Each iteration requires a full forward pass through all 61 layers. For a 1000-token response, that's 1000 forward passes. This is why generation is slow — and why the KV cache exists. Instead of recomputing attention for all previous tokens, the model caches the Key and Value vectors from previous steps. This is the memory bottleneck that DeepSeek's MLA solves (Phase 3).
The autoregressive loop is why LLMs feel "slow" — they can't parallelize generation across tokens. Each new token depends on all previous tokens. Training is parallel (you have the full sequence), but inference is sequential. This fundamental asymmetry drives most of the optimization work in Phase 2–3.
Putting it all together
The complete pipeline:
"Hello world"
→ tokenize → [15496, 995]
→ embed → [[0.12, -0.34, ...], [0.56, 0.78, ...]] (2×5120)
→ + position → RoPE-encoded embeddings
→ 61× { attention → residual → FFN/MoE → residual }
→ final norm → [0.23, -0.11, ...] (1×5120, last position)
→ output proj → [2.1, -0.5, 0.8, ...] (1×129280 logits)
→ softmax(τ) → [0.0001, 0.0003, ..., 0.15, ...] (probabilities)
→ sample → 318 (token ID)
→ detokenize → "!"
Common misconceptions
- "LLMs understand language." They manipulate numerical vectors. Understanding is a philosophical question — but mechanistically, it's matrix multiplications all the way down.
- "The model sees the whole text at once." During training, yes — the full sequence is processed in parallel (with causal masking). During inference, it generates one token at a time.

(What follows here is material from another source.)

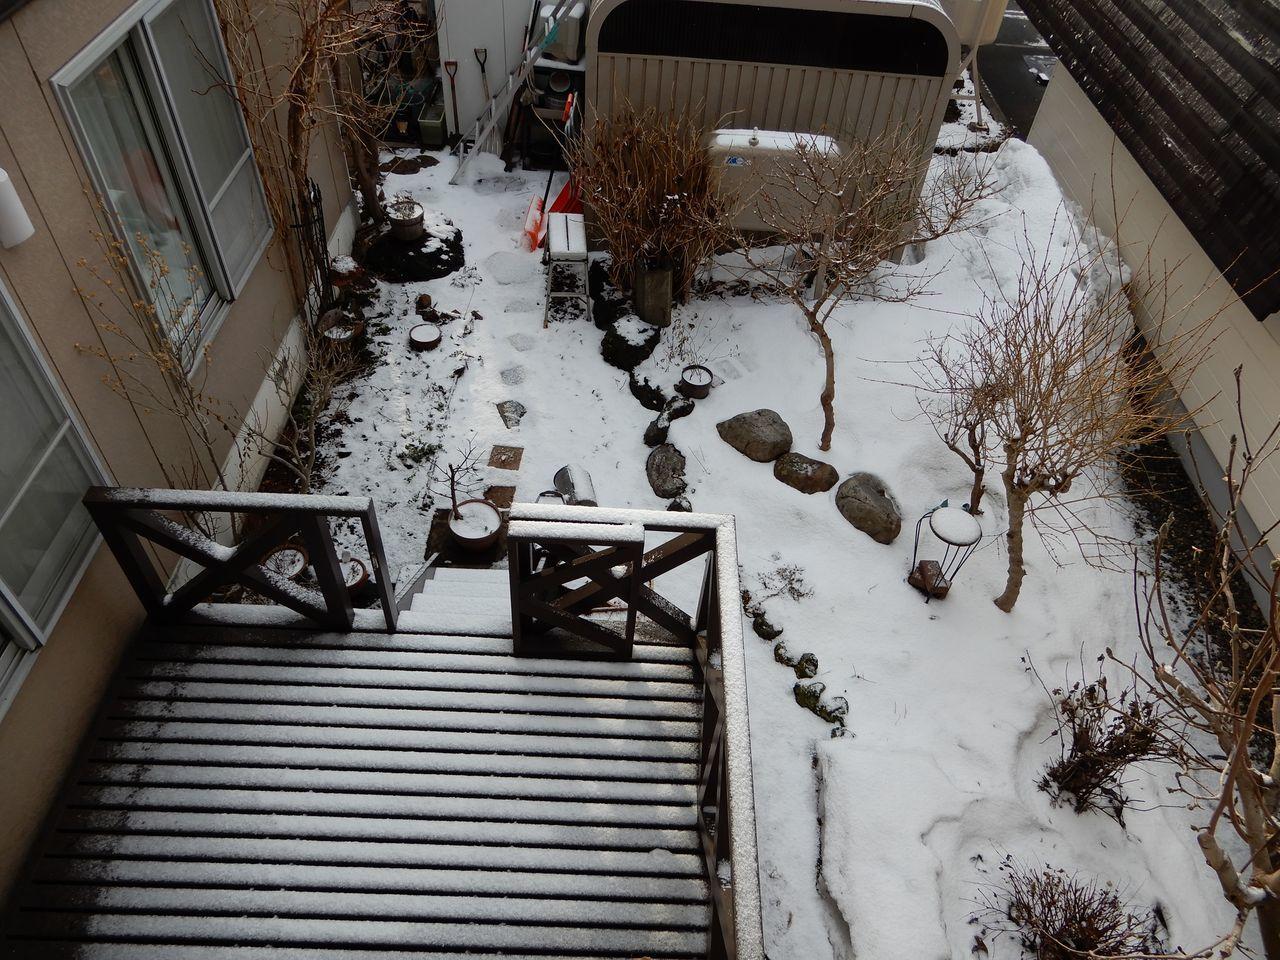 雪どけは足踏み、ヒヨドリも動きが鈍い_c0025115_23484778.jpg

- "Bigger vocabulary = smarter model." Not directly. Larger vocab means fewer tokens per sentence (more efficient), but the embedding table gets larger. It's a tradeoff. DeepSeek-V3's 129K vocab is on the larger side.
5 things to remember
- Tokenize: Text → subword pieces → integer IDs using BPE. DeepSeek-V3 vocab: 129,280 tokens.
- Embed: Each token ID → a learned vector of d_model dimensions. It's a table lookup, not a computation.
- Transform: 61 layers of attention + FFN/MoE, connected by residual streams and layer norms.
- Predict: Final vector → logits → softmax → sample. One token at a time.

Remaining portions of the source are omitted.